• Data

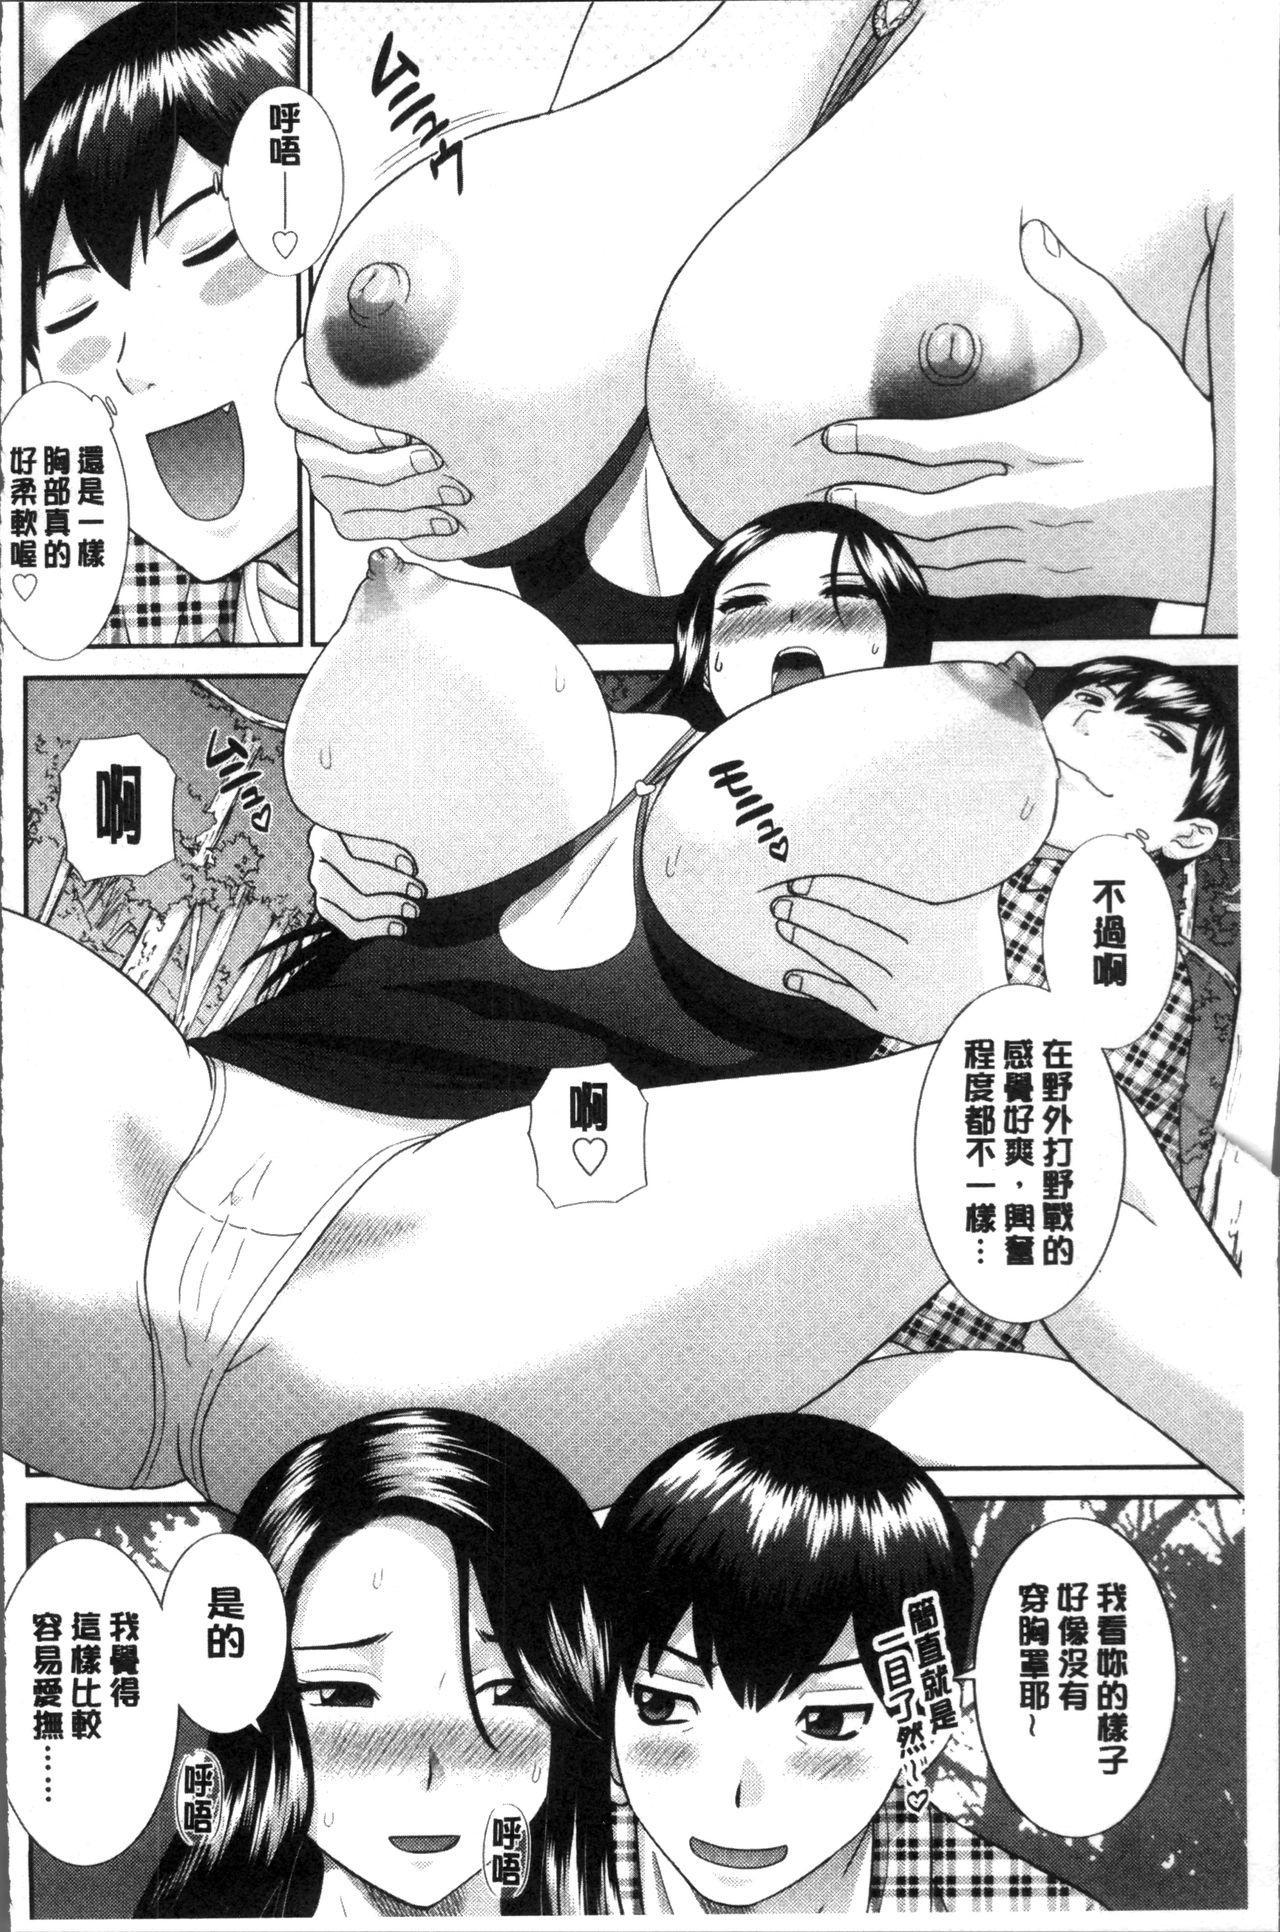 [Kawamori Misaki] Innyuu Shufu no Futei Ganbou - Oku-san to Kanojo to 2 | 淫乳主婦的不貞願望 和人妻也和女友❤2 [Chinese] 69
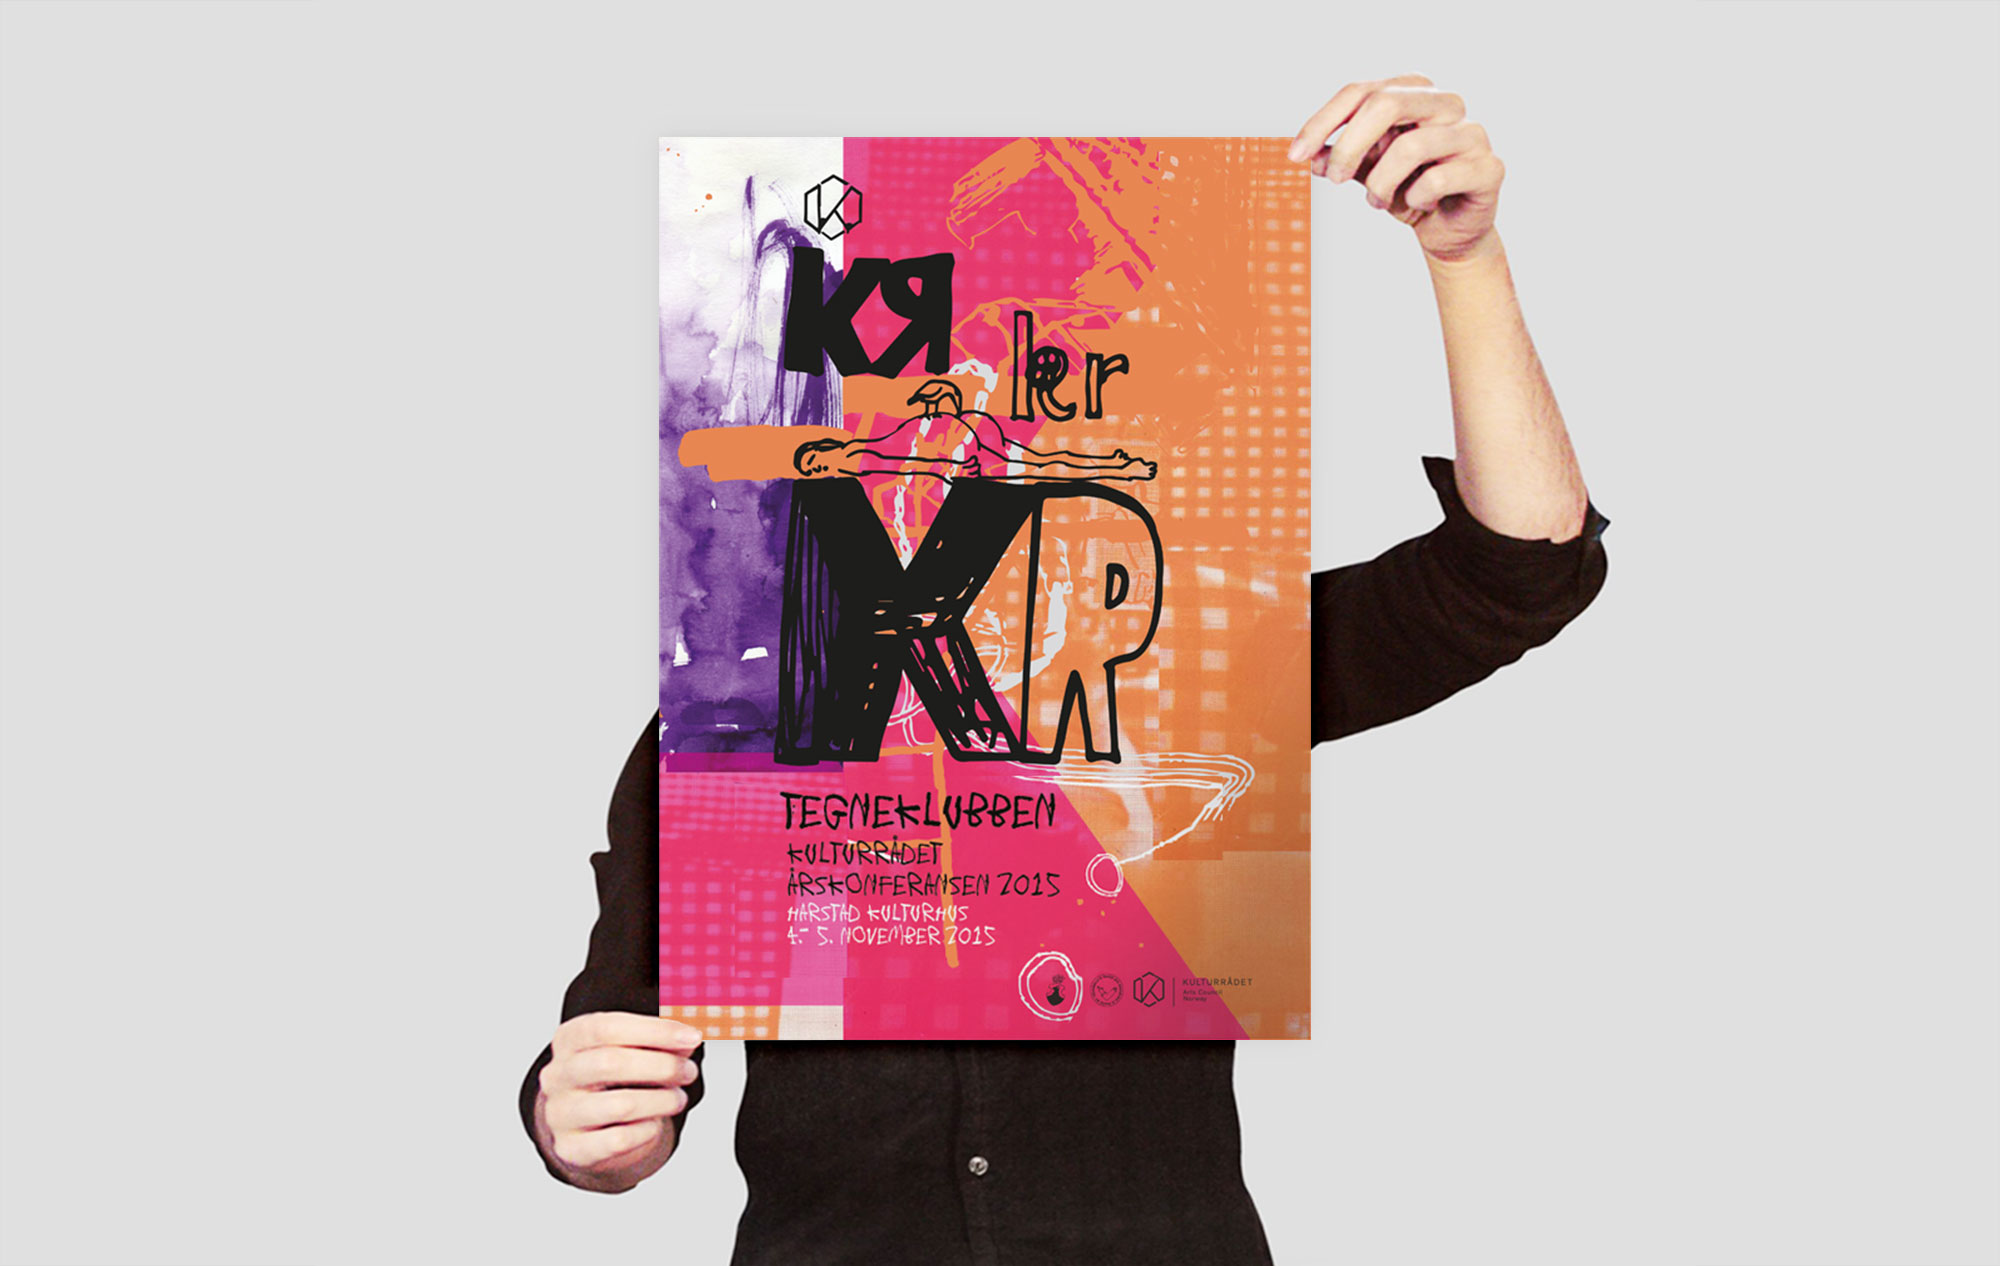 Tegneklubben Poster 2
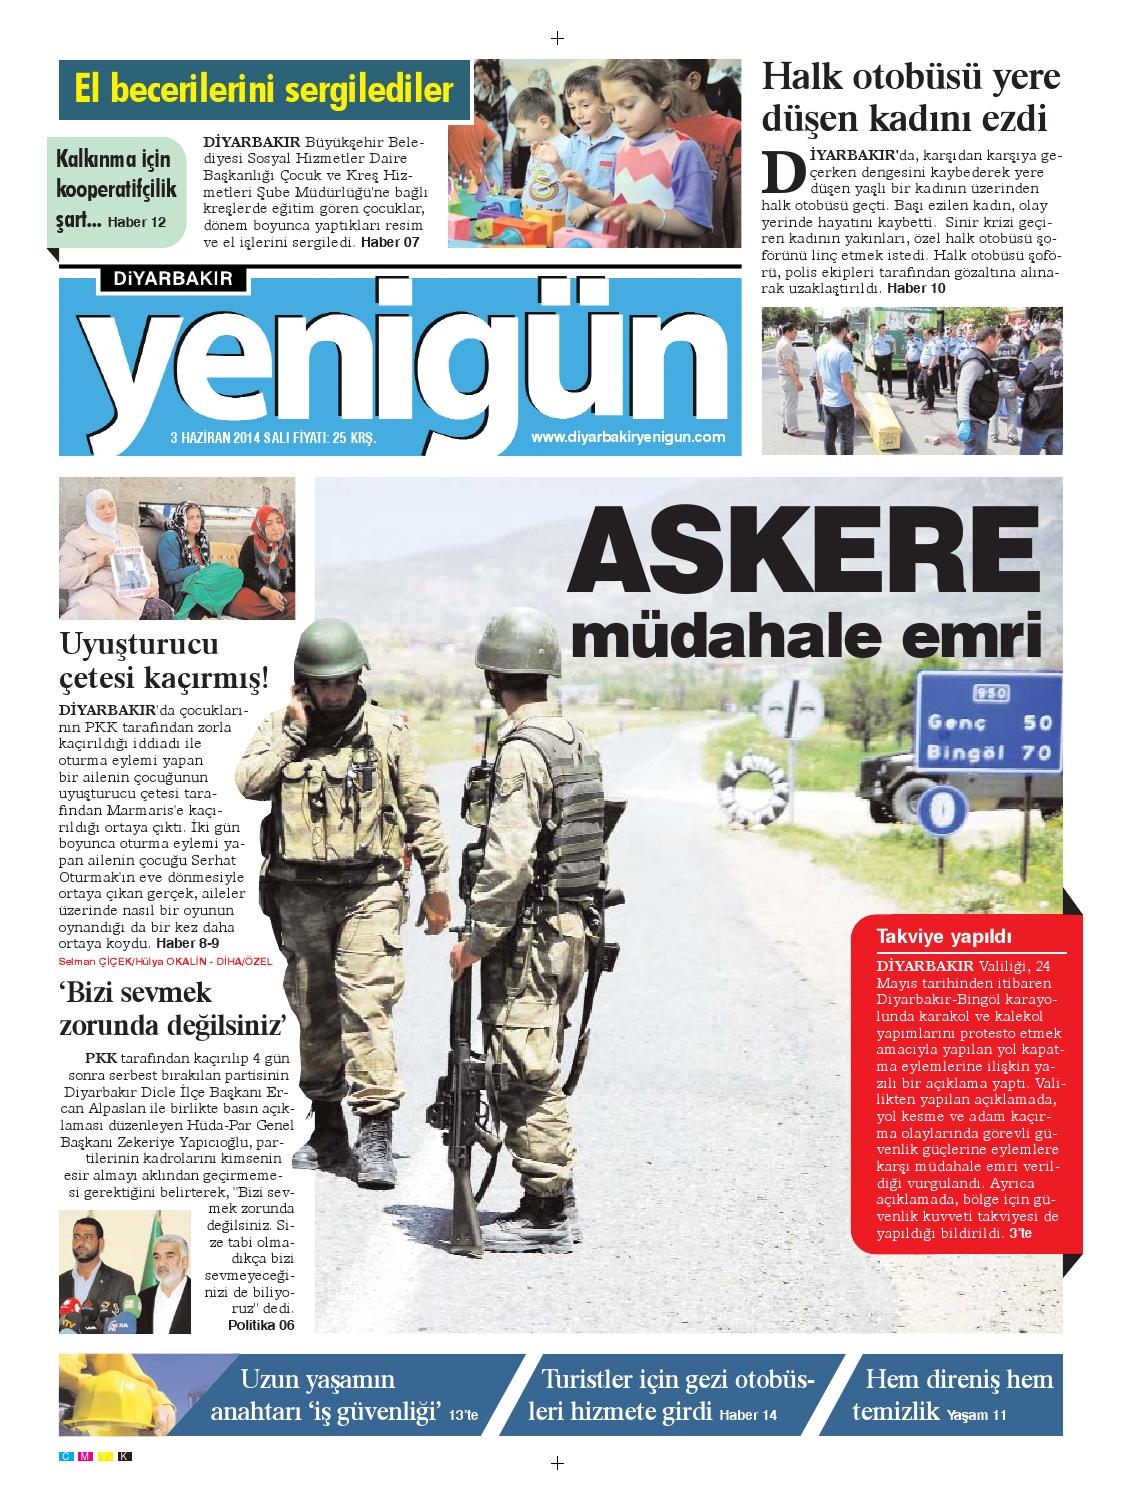 Diyarbakir Yenigun Gazetesi 3 Haziran 2014 By Osman Ergun Issuu

• Prompt
Output an exact copy of the material, with the pictures removed.

• Reply to the task
 [Kawamori Misaki] Innyuu Shufu no Futei Ganbou - Oku-san to Kanojo to 2 | 淫乳主婦的不貞願望 和人妻也和女友❤2 [Chinese] 69
 Tegneklubben Poster 2
 Diyarbakir Yenigun Gazetesi 3 Haziran 2014 By Osman Ergun Issuu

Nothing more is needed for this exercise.